The next day, Naruto arrived early at the Seal Space to continue farming. After placing the fifth block of soil, he immediately dashed out the gate, glancing back at the Nine-Tails, who hadn't moved an inch. Its eyes remained shut, as if truly asleep.

Naruto wasn't sure what the Nine-Tails was thinking—different species, different thought processes—but this was convenient. Running back and forth while dodging a massive tail took too much time.

He decided not to plant wheat near the gate anymore. With the Nine-Tails' sheer size, one roll from its body would flatten an entire field. And the worst part? It'd probably shake off the wheat husks like a wet dog and mutter, "What wheat husks?"

---

Time—his anthropomorphized manifestation of the system clock—lay sprawled on his bed in a bikini. Just as Naruto was about to leap toward her with questionable intentions, she shouted, "Eighth Gate, Gate of Death—Open!" and dashed off, leaving him mid-lunge, his grin frozen.

---

By mid-October, after eight long months, the Seal Space had changed dramatically.

The left wall was now smoothly plastered with clay. The right side was reinforced with stacked stones, creating a flat vertical face. The back wall, opposite the gate, was covered in a massive mirror cobbled together from smaller shards, reflecting light from small, hanging lamps strung up every ten meters. The lighting system gave the otherwise gloomy space a warm, faintly surreal glow.

Throughout it all, the Nine-Tails had become a sort of Schrödinger's Fox—simultaneously asleep and not. Except for the one time Naruto had spread soil across the entire floor—leaving only the area beneath the fox untouched—and woke up to find the giant beast had shifted position. Other than that, it barely moved.

Currently, Naruto stood on scaffolding near the clay wall, holding a rag in one hand and a bucket of dye in the other. He was ready to mark the wall with: "Completion Date: October 15 — Uzumaki Naruto."

Then he froze.

"Ah crap… I can't write Japanese."

He stared at the wall, dumbfounded. He couldn't write kanji or kana, and writing Chinese wasn't an option either—not that it would make sense here.

In the past two years, Naruto had spent all his time farming. The two beginner books the Third Hokage gave him still sat on the bookshelf, untouched and dusty—yes, a bookshelf that only held two books.

Sliding down the scaffolding and storing it back in his inventory, Naruto glanced toward the slumbering fox. Wait… didn't Kurama know how to write?

"Hey, Big Fox," Naruto approached Kurama's massive face.

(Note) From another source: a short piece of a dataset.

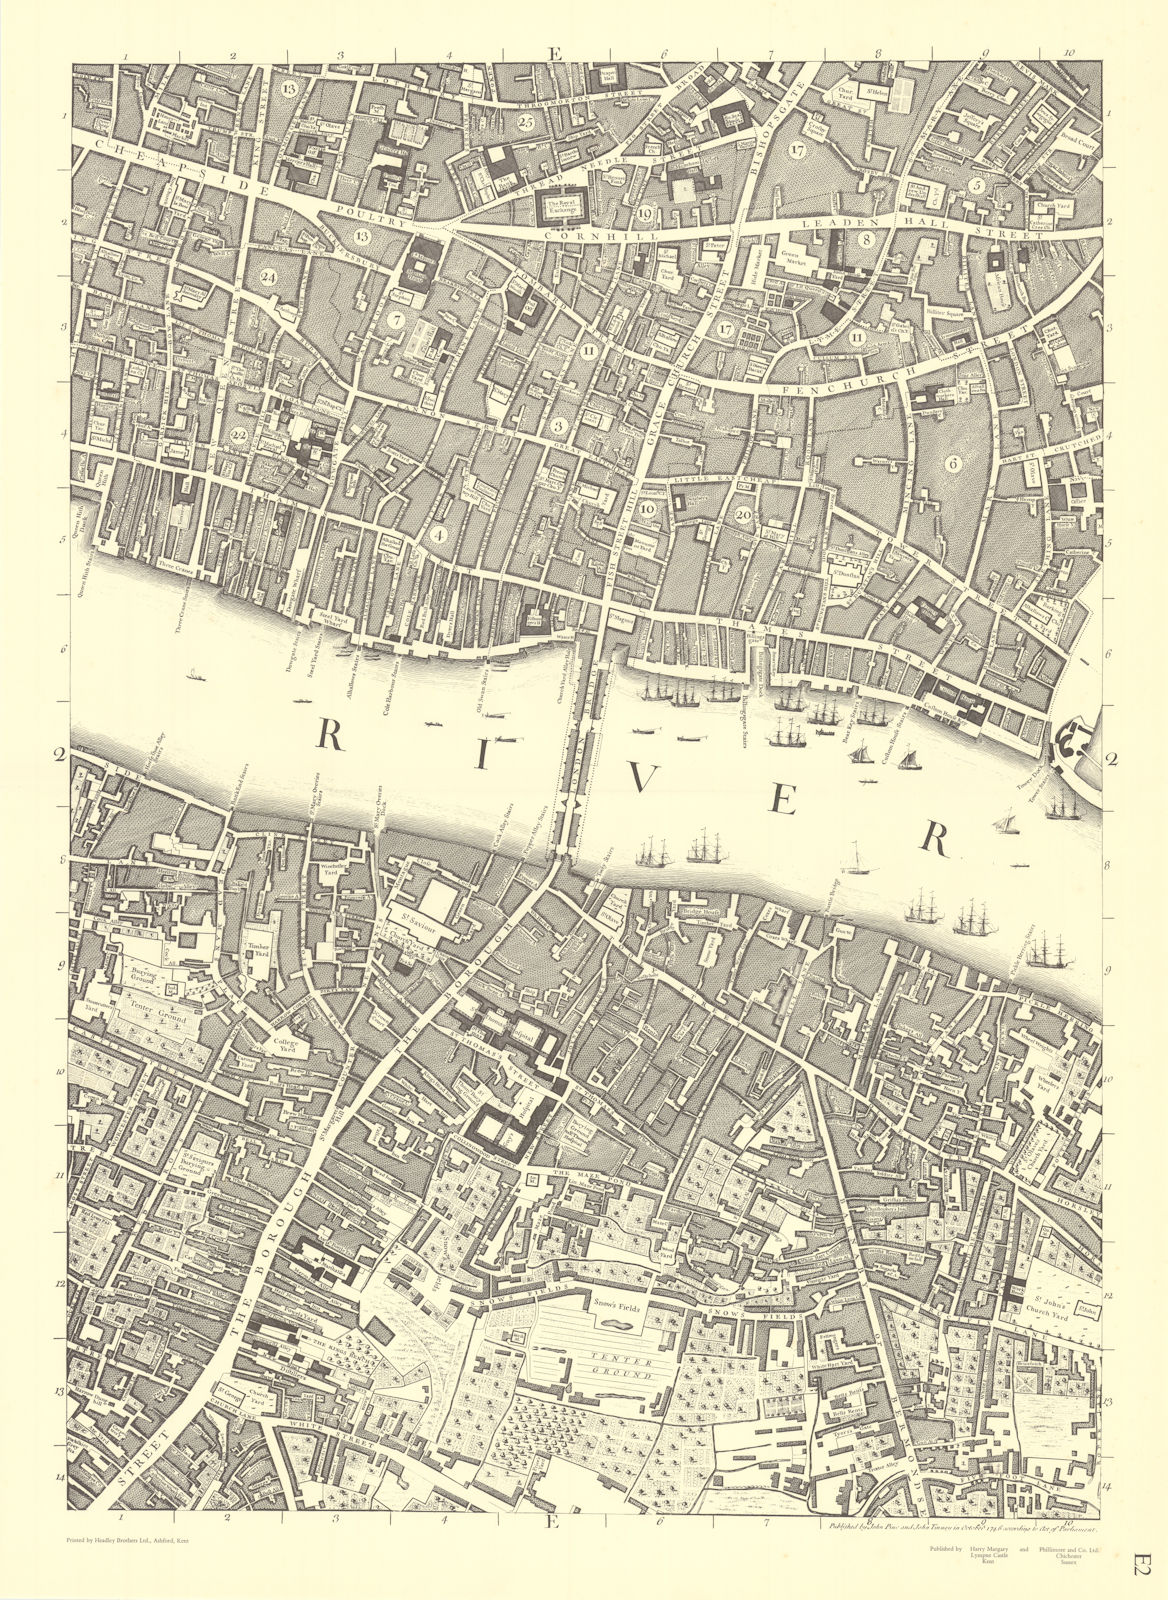 City of London Bridge Bank Southwark Borough. E2. After ROCQUE 1971 (1746) map

By now, he wasn't afraid of getting squashed anymore. A few months ago, when he was placing soil under its tail, he'd patted the tail gently and Kurama had lifted it just enough for him to work. It could have crushed him instantly—but didn't.

And then there was that one time it muttered "Good night." He still wasn't sure if he'd imagined it, since Kurama hadn't spoken to him in months.

Maybe it was just a tsundere fox.

Kurama opened one eye into a thin slit. This brat had been bouncing around for months now, transforming the inner seal with odd materials—stone, soil, mirrors, lights. All mundane objects, yet somehow, the space felt… oddly comforting. Not that Kurama would ever admit it, but the dry ground was more pleasant than that ankle-deep chakra sludge.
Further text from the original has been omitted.